Kayla’s contractions escalated quickly. It took just an hour and a half for her to feel the baby coming imminently. Krystle Oftedahl, Newton’s office manager and doula at Heart and Hands Midwifery and Women’s Health in Kalispell, told Kayla by phone that she needed to get to North Valley Hospital, where Newton has medical privileges, immediately.

Kayla climbed into the back of her stepmother, Victoria Robinson’s, SUV. She was pushing Zion by the time they passed Smith’s on East Idaho Street.

“I was just terrified,” she said, “I was so scared because (Newton) said we needed to get to the hospital and that we could potentially, depending on if (Zion) was stressed, have to do a C-section. So that’s all that I kept thinking: ‘We’re not going to make it. What if ... we’re not going to make it.’”

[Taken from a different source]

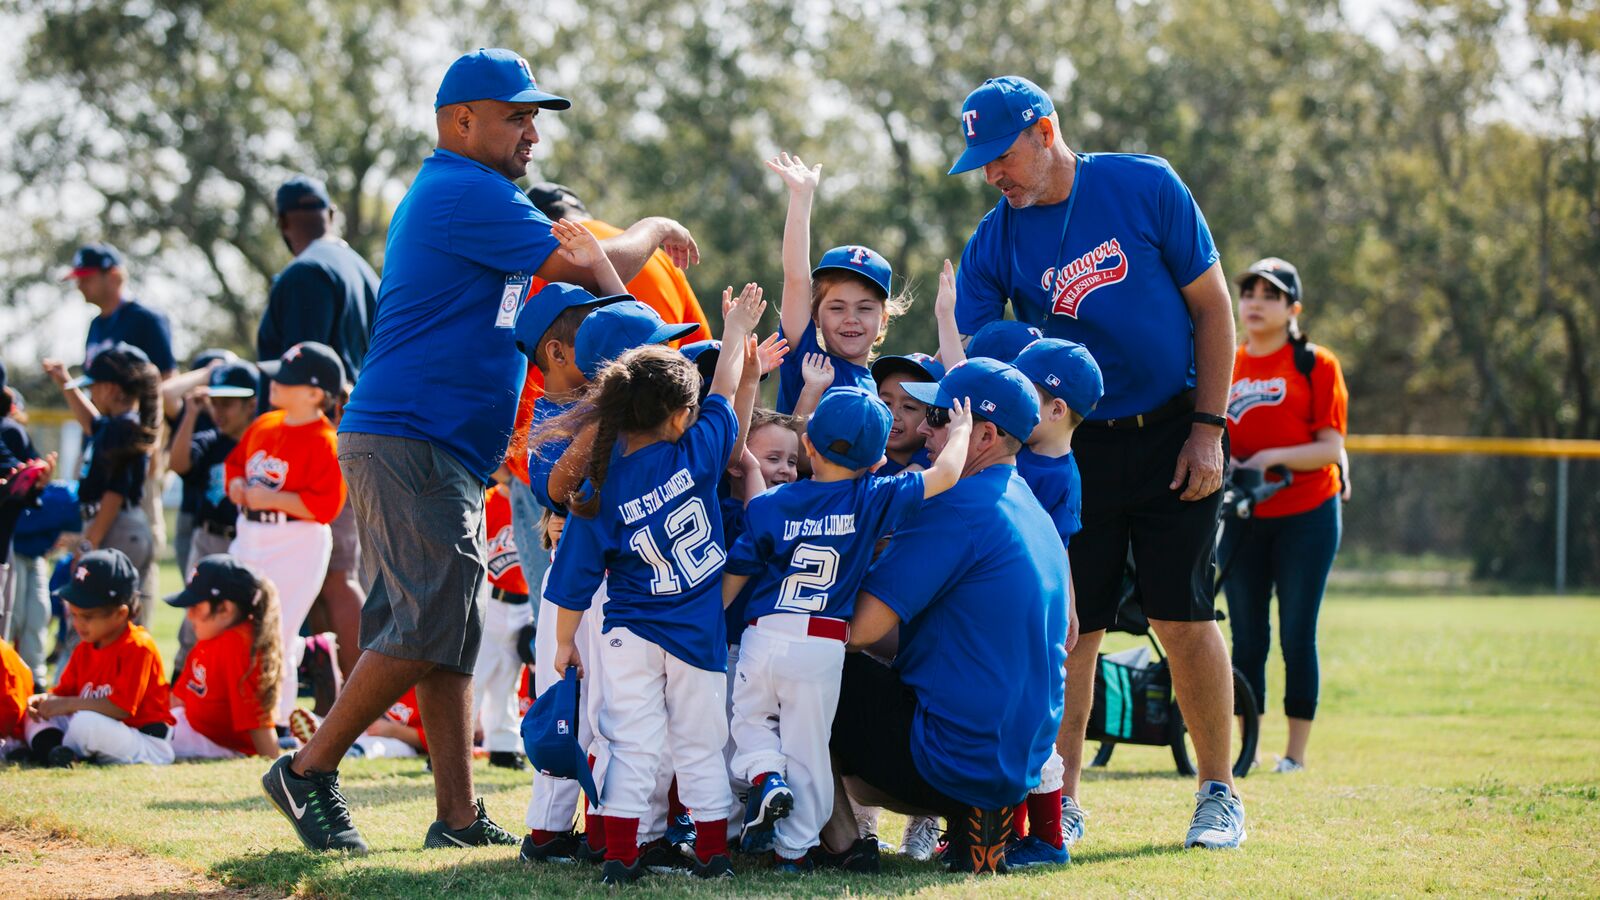 Children kick off the Little League season in Ingleside after the ballpark was repaired.

Newton told Victoria to pull over wherever she could; she would call 911 and meet them there. She grabbed a field birth emergency kit from her office closet — a lesson learned after she delivered a baby outside the Montana Club two years ago — and rushed out the door.

Victoria, meanwhile, pulled her car into the Zip Trip parking lot. Newton was there minutes later and found Kayla in the back of the car, screaming.

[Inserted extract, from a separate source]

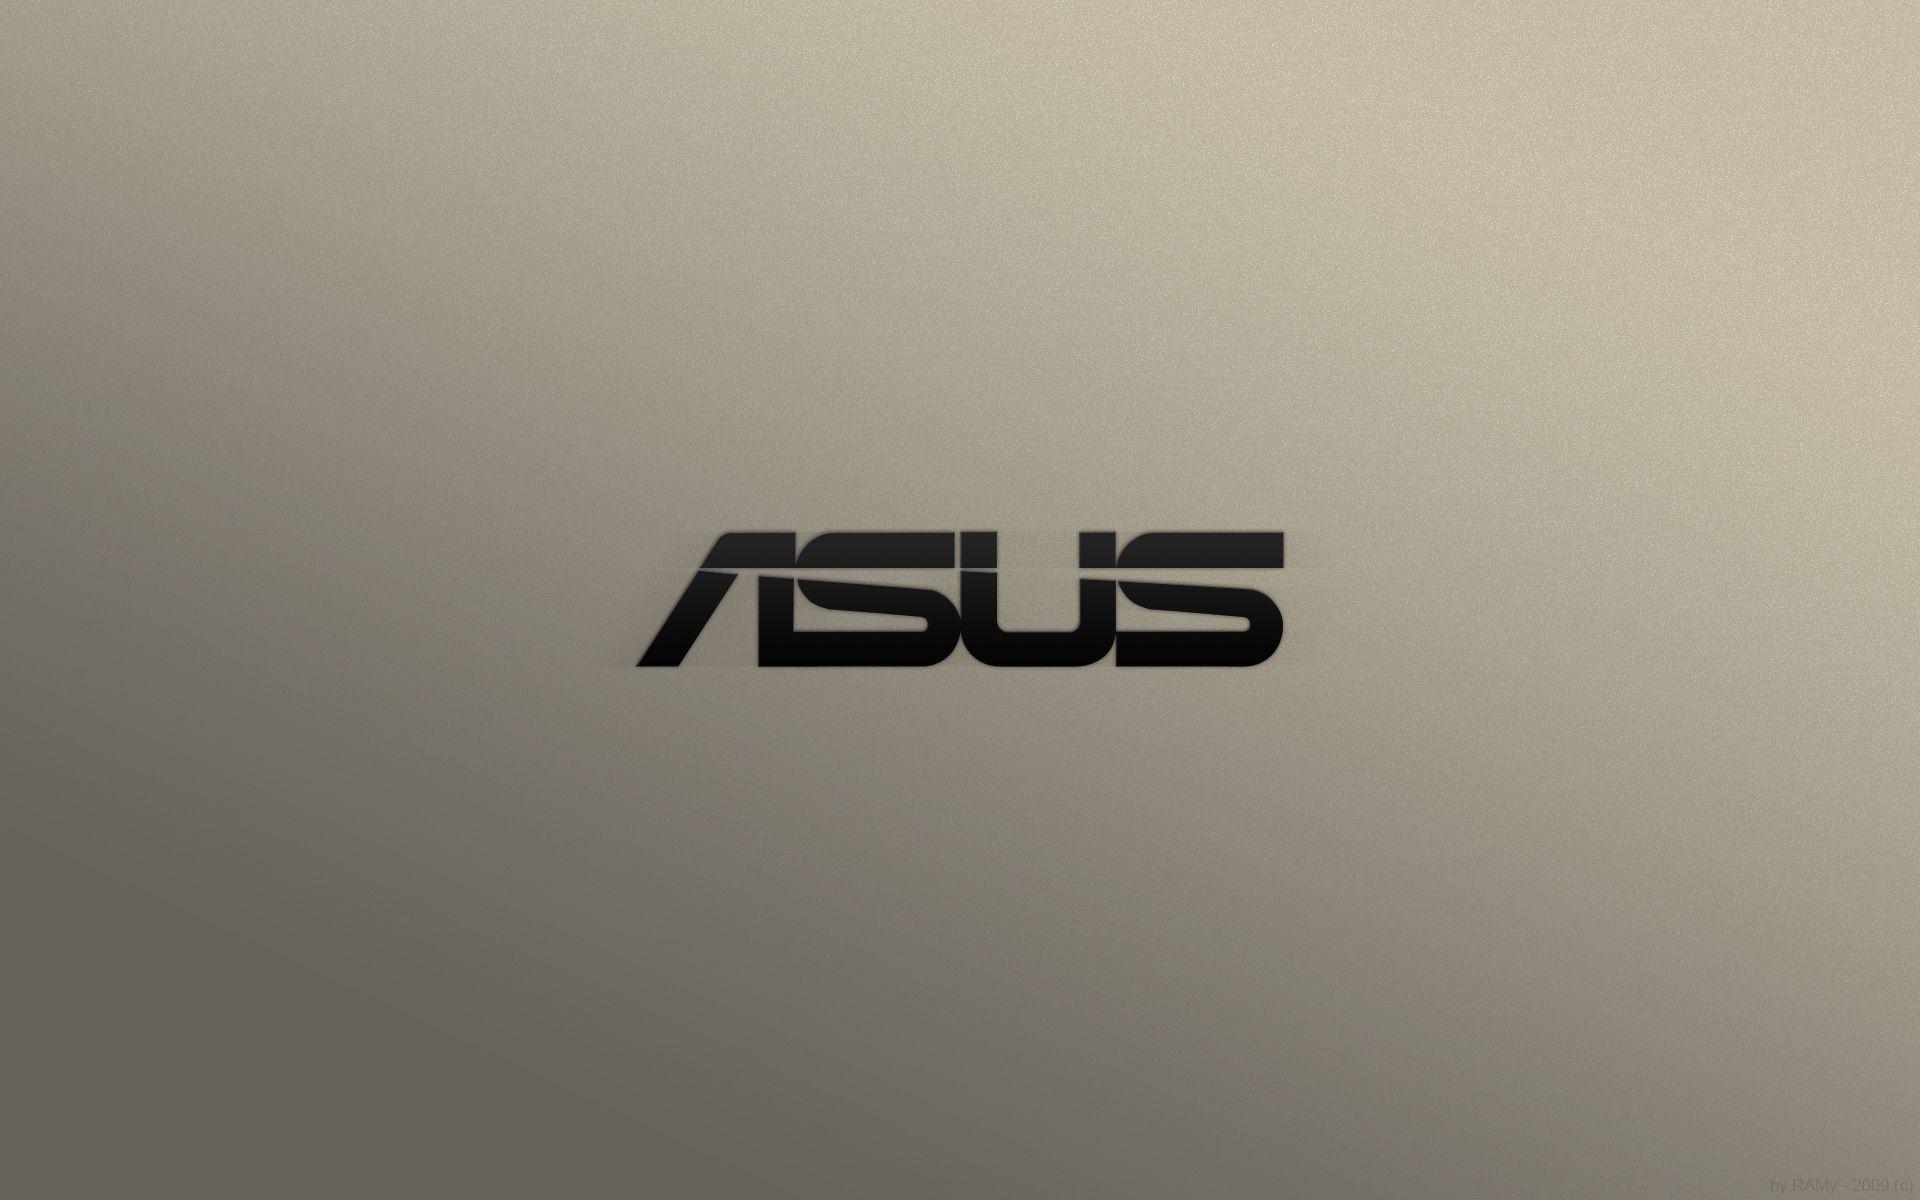 Asus Wallpaper, Best Asus Wallpaper, Wide HD Quality Photo Collection

“I kept telling Honey, I can’t do this, I can’t, I can’t, I can’t. She just said, ‘We need to get the baby out of you. This is serious.’ There was no playtime,” said Kayla.

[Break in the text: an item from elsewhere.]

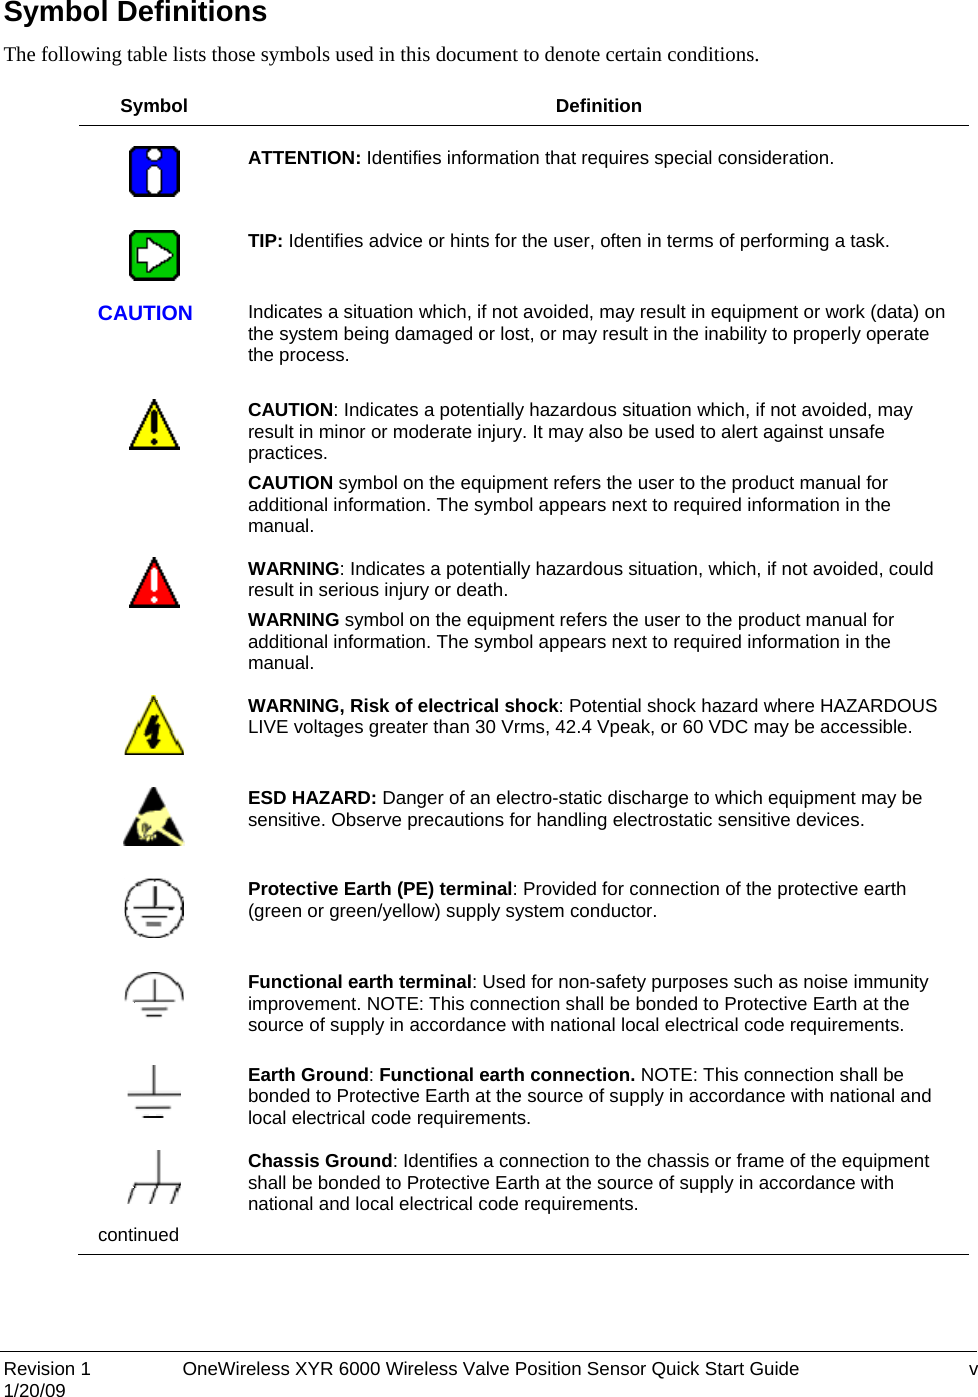  Symbol Definitions The following table lists those symbols used in this document to denote certain conditions.  Symbol Definition     ATTENTION: Identifies information that requires special consideration.     TIP: Identifies advice or hints for the user, often in terms of performing a task.   CAUTION  Indicates a situation which, if not avoided, may result in equipment or work (data) on the system being damaged or lost, or may result in the inability to properly operate the process.      CAUTION: Indicates a potentially hazardous situation which, if not avoided, may result in minor or moderate injury. It may also be used to alert against unsafe practices.  CAUTION symbol on the equipment refers the user to the product manual for additional information. The symbol appears next to required information in the manual.     WARNING: Indicates a potentially hazardous situation, which, if not avoided, could result in serious injury or death. WARNING symbol on the equipment refers the user to the product manual for additional information. The symbol appears next to required information in the manual.      WARNING, Risk of electrical shock: Potential shock hazard where HAZARDOUS LIVE voltages greater than 30 Vrms, 42.4 Vpeak, or 60 VDC may be accessible.     ESD HAZARD: Danger of an electro-static discharge to which equipment may be sensitive. Observe precautions for handling electrostatic sensitive devices.     Protective Earth (PE) terminal: Provided for connection of the protective earth (green or green/yellow) supply system conductor.     Functional earth terminal: Used for non-safety purposes such as noise immunity improvement. NOTE: This connection shall be bonded to Protective Earth at the source of supply in accordance with national local electrical code requirements.     Earth Ground: Functional earth connection. NOTE: This connection shall be bonded to Protective Earth at the source of supply in accordance with national and local electrical code requirements.    Chassis Ground: Identifies a connection to the chassis or frame of the equipment shall be bonded to Protective Earth at the source of supply in accordance with national and local electrical code requirements. continued  Revision 1  OneWireless XYR 6000 Wireless Valve Position Sensor Quick Start Guide  v 1/20/09

Newton counters that “Kayla was so strong and she stayed very present, very level-headed the whole time.”

Zion was born about 10 minutes into the pit stop at the Zip Trip. Mother and baby were spared any major complications, though Zion arrived stressed and covered in meconium, requiring Newton to resuscitate her. She was also susceptible to cold shock due to the outdoor temperatures, but luckily, Oftedahl arrived with a perfectly timed and “invaluable” Star Wars blanket. Paramedics — some recently trained by Newton for field births — also joined the makeshift delivery room within minutes. Shortly after birth, Kayla and Zion were transported via ambulance to North Valley Hospital.

“All things considered, it couldn’t have turned out better and we’re so grateful,” said Newton. “I’m so grateful that I have a super great support staff here who don’t even blink when I say ‘grab a birth kit and run!’”

This is the third time Newton has assisted in a field birth. Though everything went smoothly this time, “I don’t want to make a habit of it,” she said.

For Kayla, the adrenaline has given way to shock and gratitude. “You always think ‘what if?’ because you hear it happens,” she said, “...Of course you don’t think it’s going to happen to you.”

A week out, both mother and daughter are doing well. Zion has joined her 4-year-old brother, Zaiden, at home, along with a card of well wishes from the employees of the Zip Trip that Kayla will never look at the same.

“I just laugh every time I drive by,” she said, “that’s a part of my life now.”